Unread postby Paulo1 » Fri 27 Feb 2015, 15:01:30

Man, I don't know how simplified it is Dennis? I have capable math skills and it seems like wading to me, simply because I am a language guy and best communicate and understand concepts that way.

Visuals of past discoveries, overlaid with known URR, trends in modeling, drilling changes, and current useage as well as forcasted use paints a more understandable picture for me than substituting numbers into equations. (For example.....P2=P1+n-e where....)

While I have a somewhat technical background, that model simply doesn't 'speak' to me and I don't want it to if I were to be honest about it.

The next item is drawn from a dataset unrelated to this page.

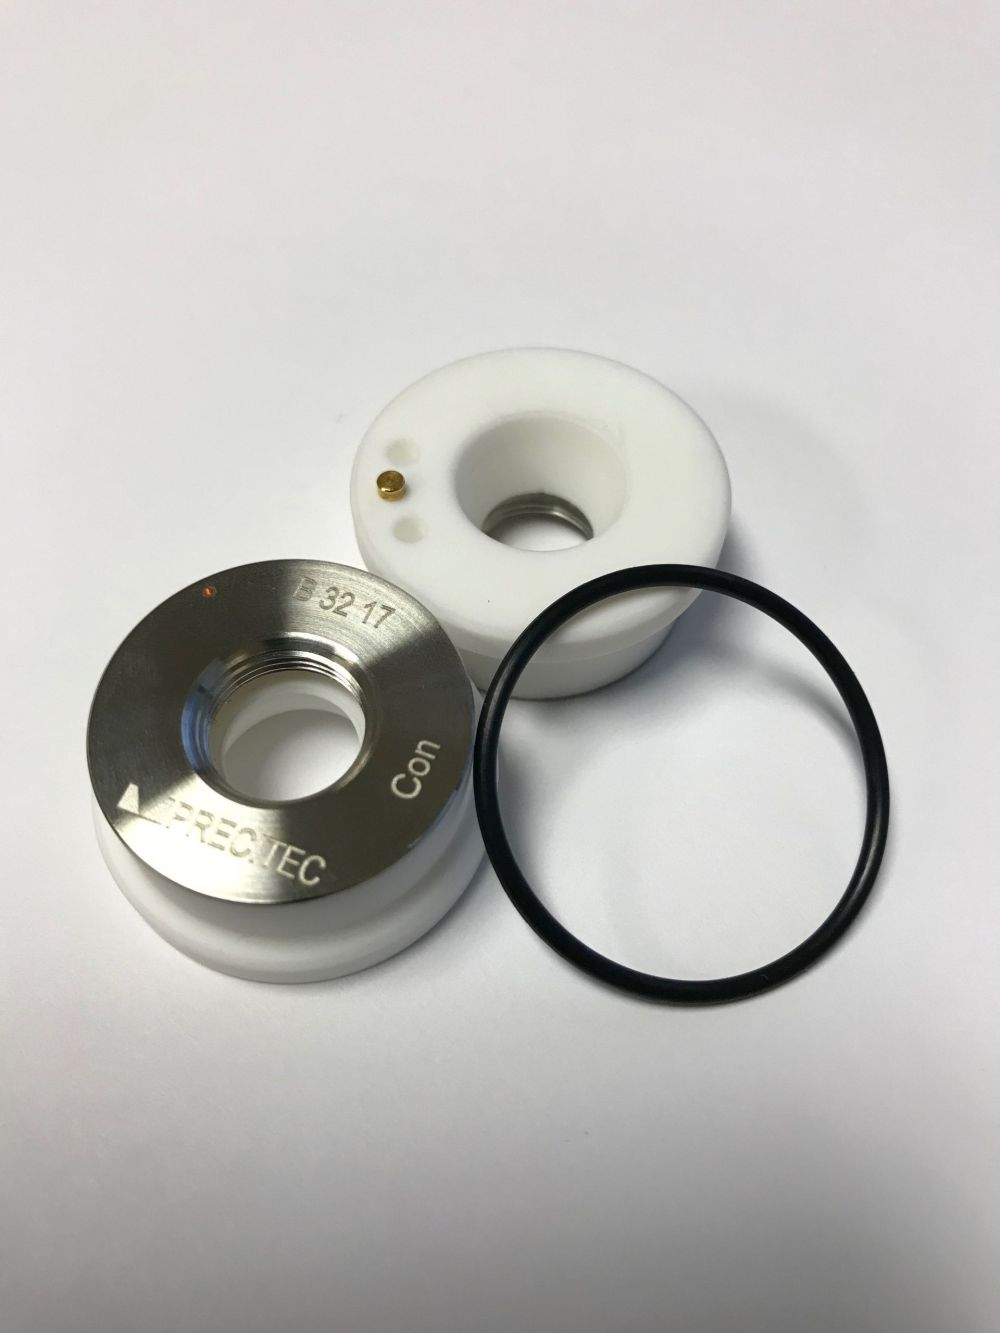 "Precitec Ceramic Nozzle Holder P0571-1051-00001 KT B2"" CON"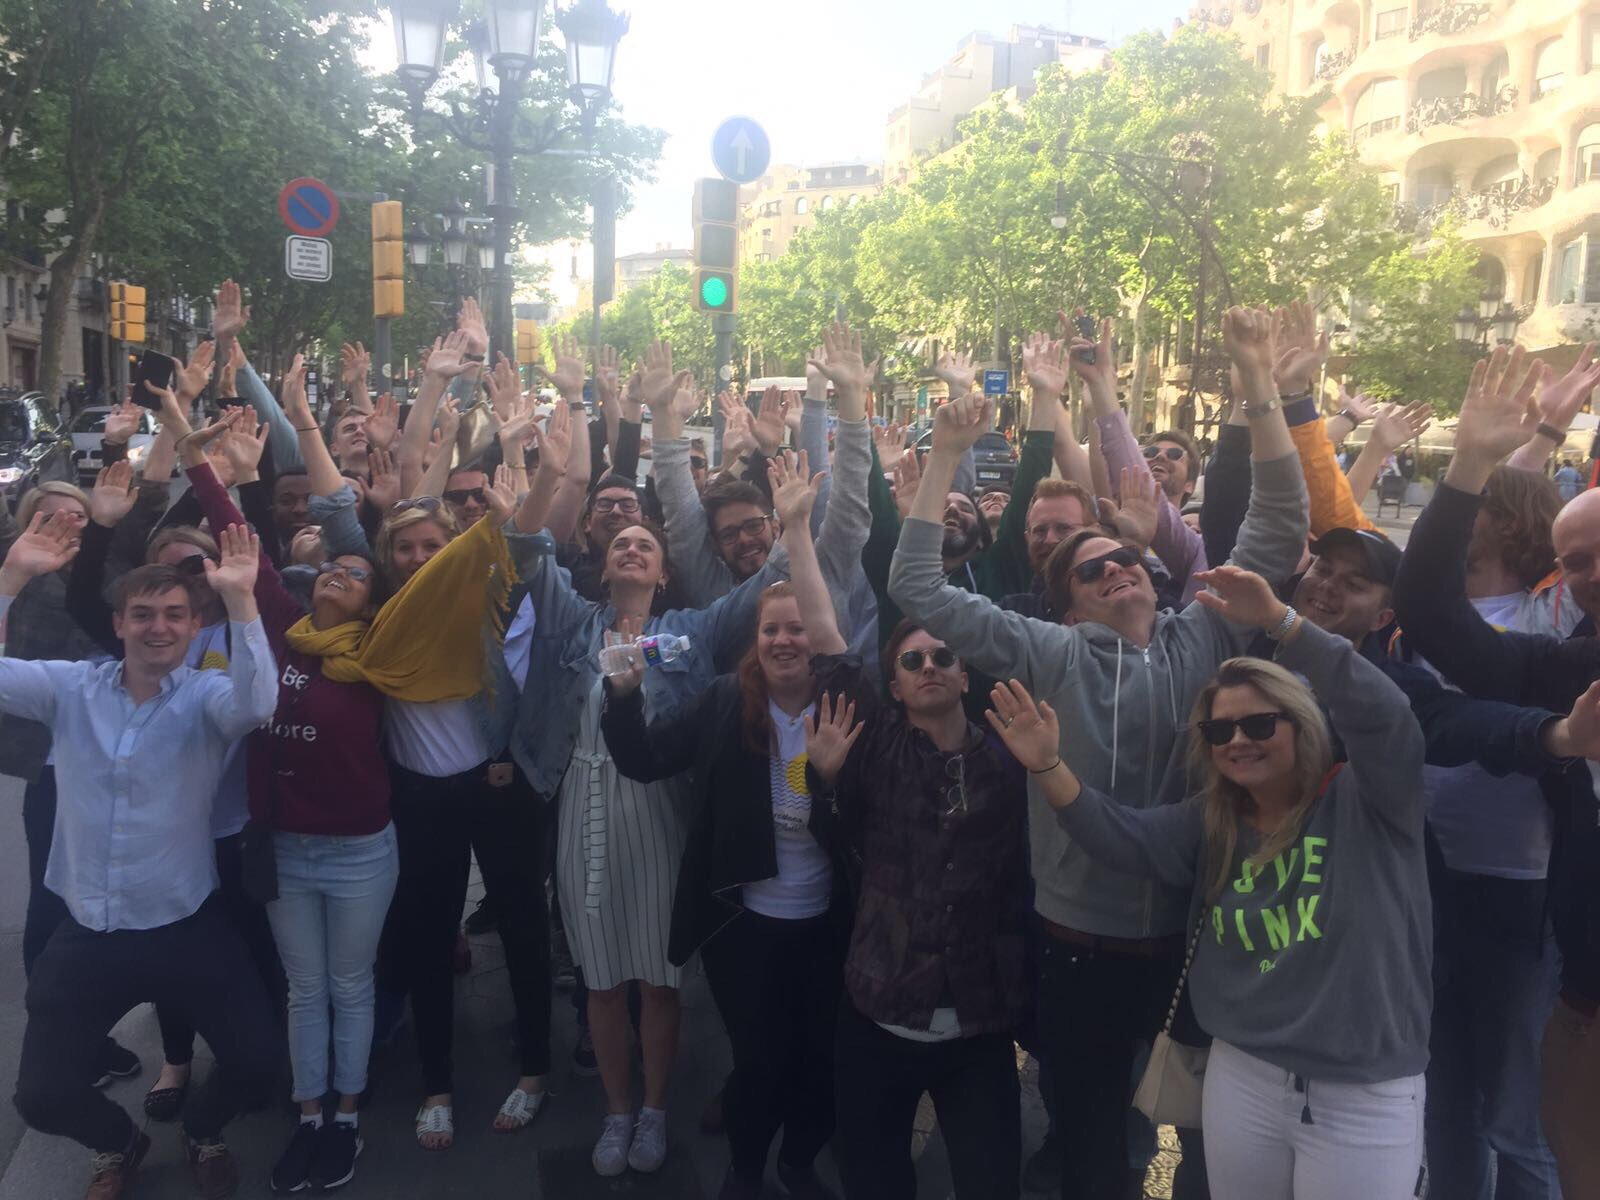 Peakon startup retreat with team-building activities in Barcelona in May

For me, the story of oil is a story about people and how we live. It is fascinating to imagine it coursing through our veins as it has influenced every aspect of our energy demanding lives. As the soon to be realized declines sets in, the narrative will continue to leap off the page in every way imaginable and in some ways we will not or cannot accept. There will be vast migrations, unending climate change, many losers, and a few winners. Unforseen events, (geo-political events), such is happening in Libya and Nigeria right now, or just about everywhere oil is produced, may absolutely shake production to its very core. Really, one Israli bombing raid on Iran will pretty well plunge us into immediate upheaval.

The point I am trying to make in such a clumsy and infurriating way for pure math thinkers is that the math only works on paper and when all inputs are equal and known. Our dependence on oil, and it's rate of decline and how we use it (life) isn't like that. Just MHO, and no intent to offend.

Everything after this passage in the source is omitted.